I’ve tried various approaches, including chunking the data, but I’m still hitting limitations. I’d appreciate any guidance or suggestions on how to efficiently load and process large datasets from Snowflake in Python.

Thank you in advance for your help!

Regards,
Nishesh

Code below:

import pandas as pd

from sqlalchemy import create_engine, text
from snowflake.sqlalchemy import URL

SNOWFLAKE_USER = 'xxxxxxx'
SNOWFLAKE_ACCOUNT = 'yyyyyy'
SNOWFLAKE_DATABASE = 'aaaaa'
SNOWFLAKE_SCHEMA = 'bbbbb'  # Specify the schema if needed
SNOWFLAKE_ROLE = 'ccccc'  # Optional: specify your Snowflake role if required
SNOWFLAKE_WAREHOUSE = 'ddddd'  # Optional: specify your Snowflake warehouse if required

# Establish connection to Snowflake using SSO with MFA

engine_dev = create_engine(URL(
account = SNOWFLAKE_ACCOUNT,
user = SNOWFLAKE_USER ,
password = 'abc',
role=SNOWFLAKE_ROLE,
database = SNOWFLAKE_DATABASE,
warehouse = SNOWFLAKE_WAREHOUSE,
authenticator = 'externalbrowser'
))
connection_dev = engine_dev.connect()

# Define your parameters in a dictionary
params = {'period': '202409', 'business_written_ind': 'Y'}

# Define your SQL query as a TextClause
query = text("SELECT * FROM bbbbb.RISK_DATA_V WHERE PERIOD = :period AND business_written_ind = :business_written_ind")
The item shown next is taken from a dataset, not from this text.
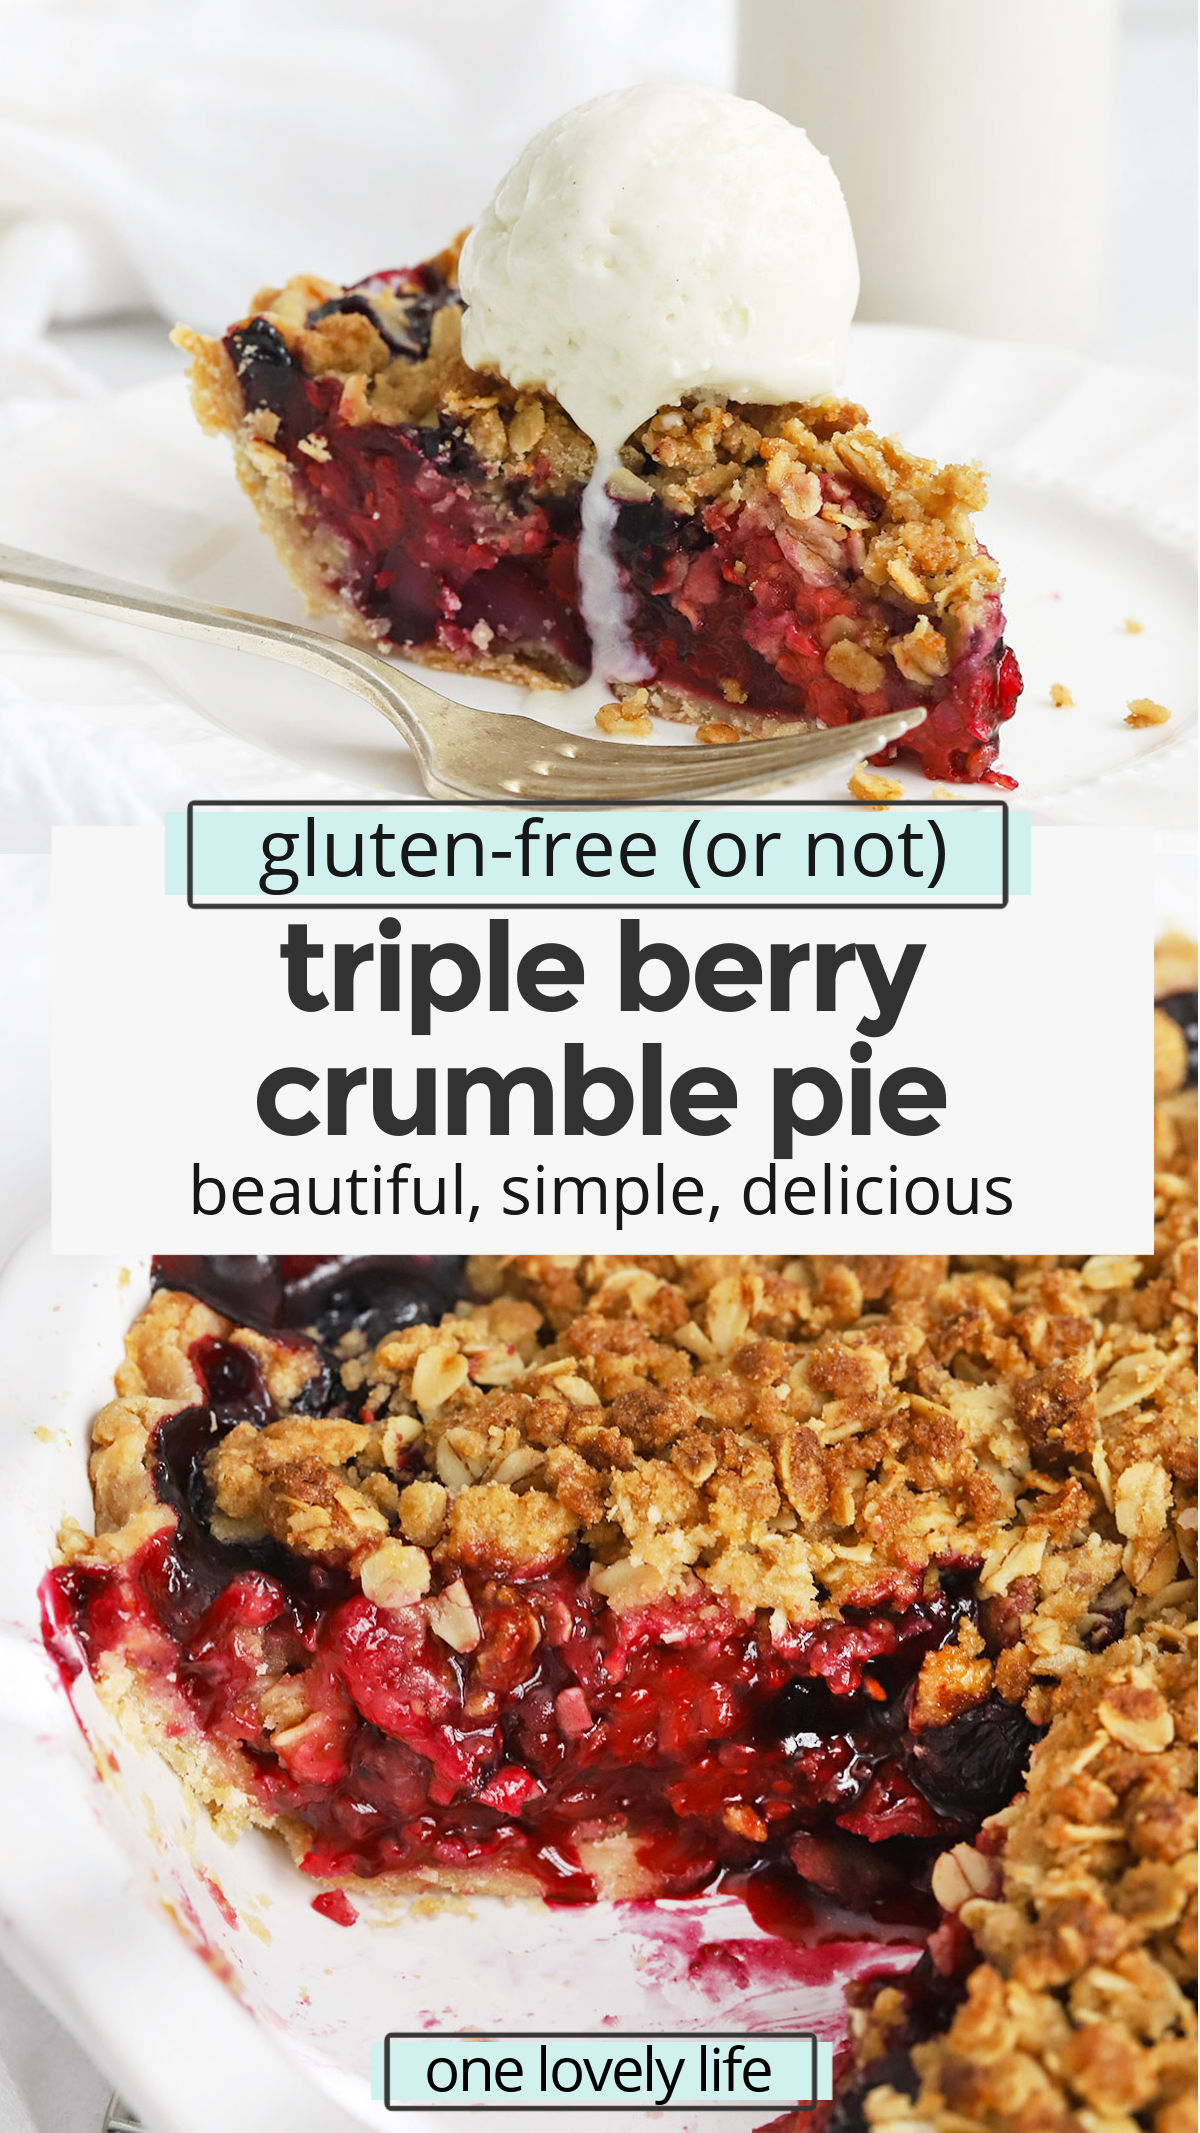 Triple Berry Crumble Pie - This berry crumble pie features a bright, tangy berry filling & gorgeous crumble topping you'll fall in love with at first bite! (Gluten-Free, Vegan-Friendly) // Berry Pie recipe // Mixed berry pie // mixed berry crumble pie // triple berry pie // berry pie with oat topping // gluten free pie // vegan pie // thanksgiving pie // christmas pie // 4th of July dessert // berry pie recipe
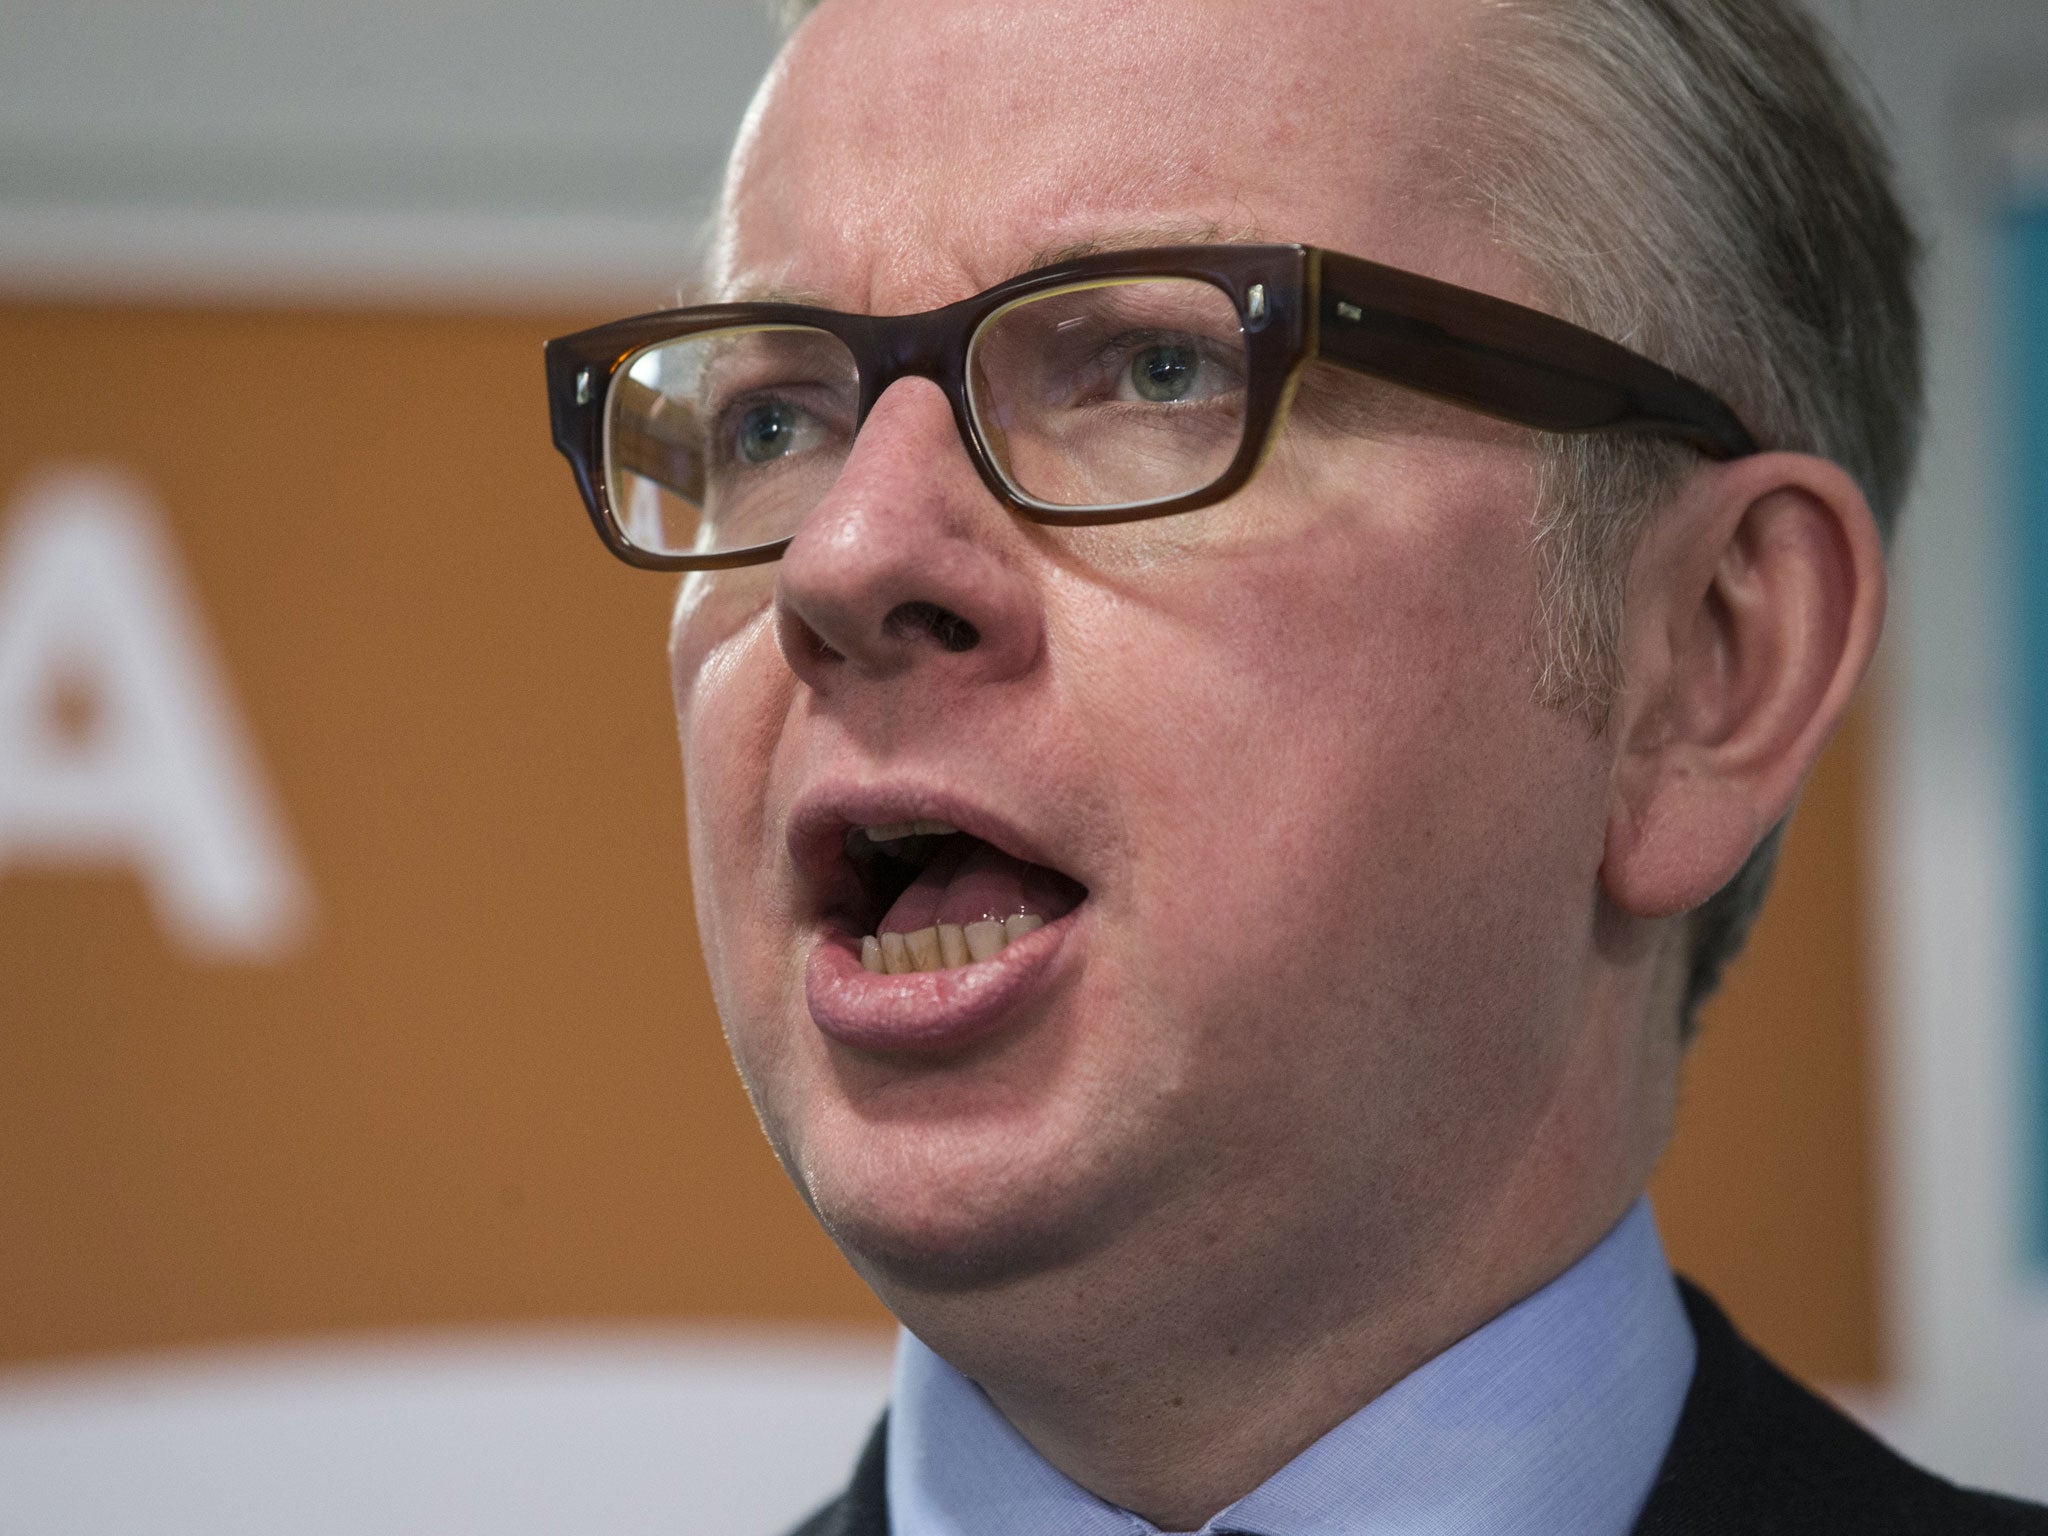 A satirical article headlined “Michael Gove decides to teach all children himself” was left on the Department for Education (DfE) website for a month

# Use Pandas to read data in chunks
df_iter = pd.read_sql(query, connection_dev, params=params, chunksize=500000)

# Create an empty list to store the chunks
all_chunks = []

# Process data in chunks
for chunk in df_iter:
    # Process each chunk as needed
    print(chunk.head())
    all_chunks.append(chunk)

# Concatenate all chunks into a single DataFrame
final_df = pd.concat(all_chunks, ignore_index=True)

print(final_df.head())
print(final_df.tail())

connection_dev.close()
engine_dev.dispose()

barry-scott · December 2, 2024, 9:06am

I do not know what snowflake is or how to use pandas.
I am just looking at the code presented.

This means that you need enough memory to hold the total dataset in RAM.

Processing in chunks makes sense only if you do not keep the old chunks after processing.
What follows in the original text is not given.